HELEN OF TROY LIMITED AND SUBSIDIARIES
NOTES TO CONSOLIDATED CONDENSED FINANCIAL STATEMENTS (Unaudited)
November 30, 2014
Note 1 Basis of Presentation and Conventions Used in this Report
The accompanying consolidated condensed financial statements contain all adjustments (consisting of only normal recurring adjustments) necessary to present fairly our consolidated financial position as of November 30, 2014 and February 28, 2014, and the results of our consolidated operations for the interim periods presented. We follow the same accounting policies when preparing quarterly financial data as we use for preparing annual data. These statements should be read in conjunction with the consolidated financial statements and the notes included in our latest annual report on Form 10-K for the fiscal year ended February 28, 2014, and our other reports on file with the Securities and Exchange Commission (the SEC).
In this report and the accompanying consolidated condensed financial statements and notes, unless the context suggests otherwise or otherwise indicated, references to the Company, our Company, Helen of Troy, we, us, or our refer to Helen of Troy Limited and its subsidiaries. We refer to the Companys common shares, par value $0.10 per share, as common stock. References to OXO refer to the operations of OXO International and certain of its affiliated subsidiaries that comprise our Housewares segment. References to Kaz refer to the operations of Kaz, Inc. and its subsidiaries, which comprise a segment within the Company referred to as the Healthcare / Home Environment segment. References to Healthy Directions refer to the operations of Healthy Directions, LLC and its subsidiaries, acquired on June 30, 2014, that comprise the Nutritional Supplements segment. Product and service names mentioned in this report are used for identification purposes only and may be protected in the United States and other jurisdictions by trademarks, trade names, service marks, and other intellectual property rights of the Company and other parties. The absence of a specific attribution in connection with any such mark does not constitute a waiver of any such right. All trademarks, trade names, service marks, and logos referenced herein belong to their respective owners. References to the FASB refer to the Financial Accounting Standards Board. References to GAAP refer to U.S. generally accepted accounting principles. References to ASU refer to the codification of GAAP in the Accounting Standards Updates issued by the FASB. References to ASC refer to the codification of GAAP in the Accounting Standards Codification issued by the FASB.

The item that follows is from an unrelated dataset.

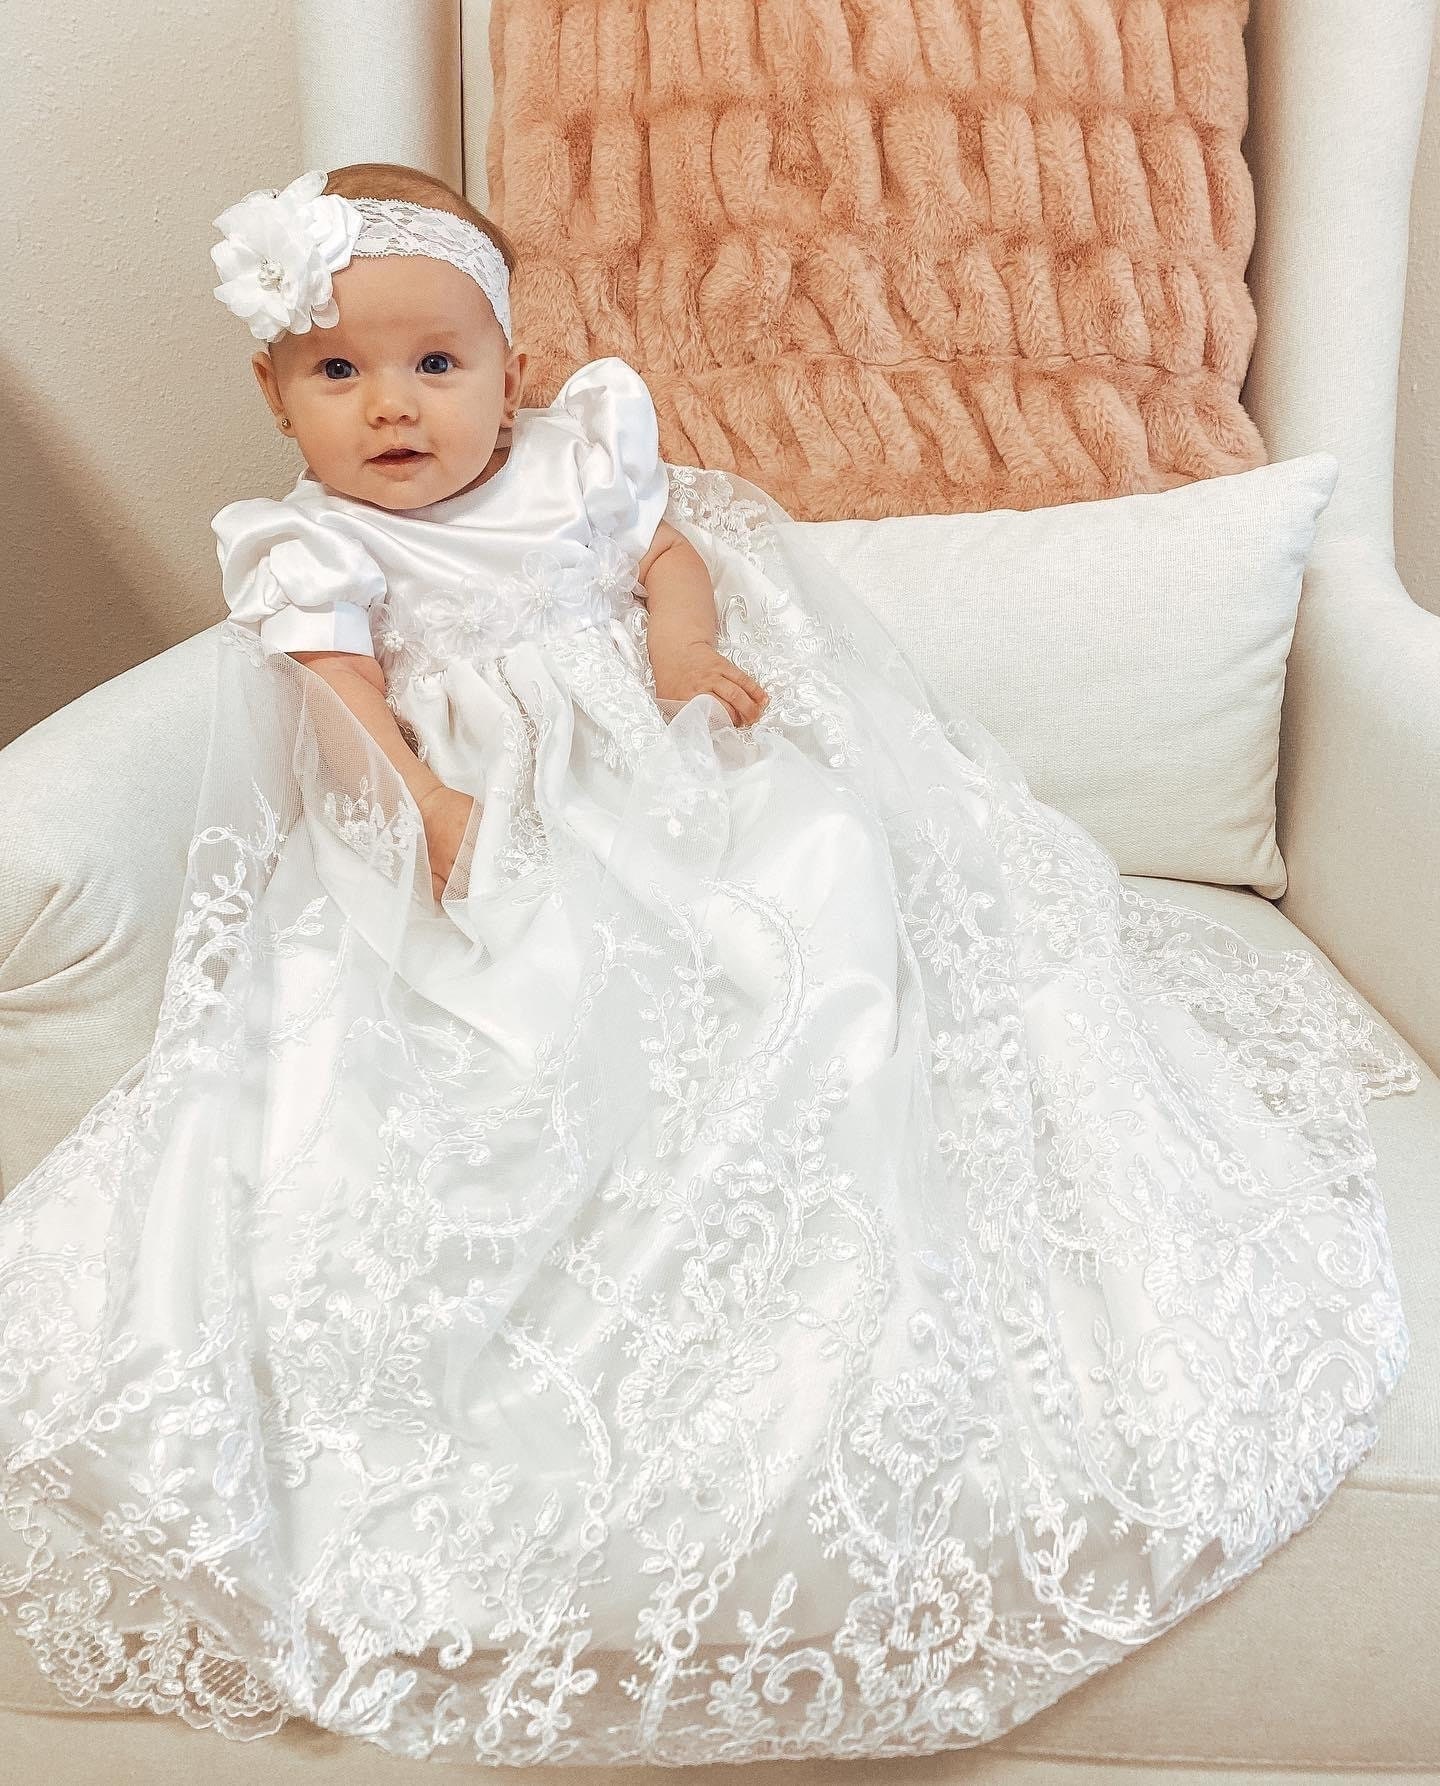 The talia/tyler T-yoke White on White Christening Gown With Hand Embroidery  - Etsy

We are a global designer, developer, importer, marketer, and distributor of an expanding portfolio of brand-name consumer products. We have four segments: Housewares, Healthcare / Home Environment, Nutritional Supplements, and Personal Care. Our Housewares segment provides a broad range of innovative consumer products for the home. Product offerings include food preparation tools, gadgets and storage containers, cleaning, organization, and baby and toddler care products. The Healthcare / Home Environment segment focuses on healthcare devices such as thermometers, humidifiers, blood pressure monitors, and heating pads; water filtration systems; and small home appliances such as portable heaters, fans, air purifiers, and insect control devices. Our Nutritional Supplements segment is a leading provider of premium branded vitamins, minerals and supplements, as well as other health products sold directly to consumers. Our Personal Care segment products include electric hair care, beauty care and wellness appliances; grooming tools and accessories; and liquid-, solid- and powder-based personal care and grooming products.
Our business is seasonal due to different calendar events, holidays and seasonal weather patterns. Historically, our highest sales volume and operating income occur in our third fiscal quarter ending November 30th. We purchase our products from unaffiliated manufacturers, most of which are located in China, Mexico and the United States.
Our consolidated condensed financial statements are prepared in U.S. Dollars and in accordance with GAAP, which requires us to make estimates and assumptions that affect the reported amounts of assets, liabilities, revenues, expenses, and the disclosure of contingent assets and liabilities. Actual results could differ from those estimates. We have reclassified, combined or separately disclosed certain amounts in the prior periods consolidated condensed financial statements and accompanying footnotes to conform to the current periods presentation.
Note 2 - Change in Accounting Estimate
In the third quarter of fiscal year 2015, we revised our product liability estimates to reflect more relevant historical claims experience. The effect of the change in estimate was recorded in selling, general and administrative expense (SG&A) and increased operating income and net income by $2.22 million and $1.36 million, respectively, for the fiscal quarter and year-to-date ended November 30, 2014. The effect of the change in estimate increased diluted earnings per share $0.05 per share for both the third fiscal quarter and fiscal year-to-date ended November 30, 2014.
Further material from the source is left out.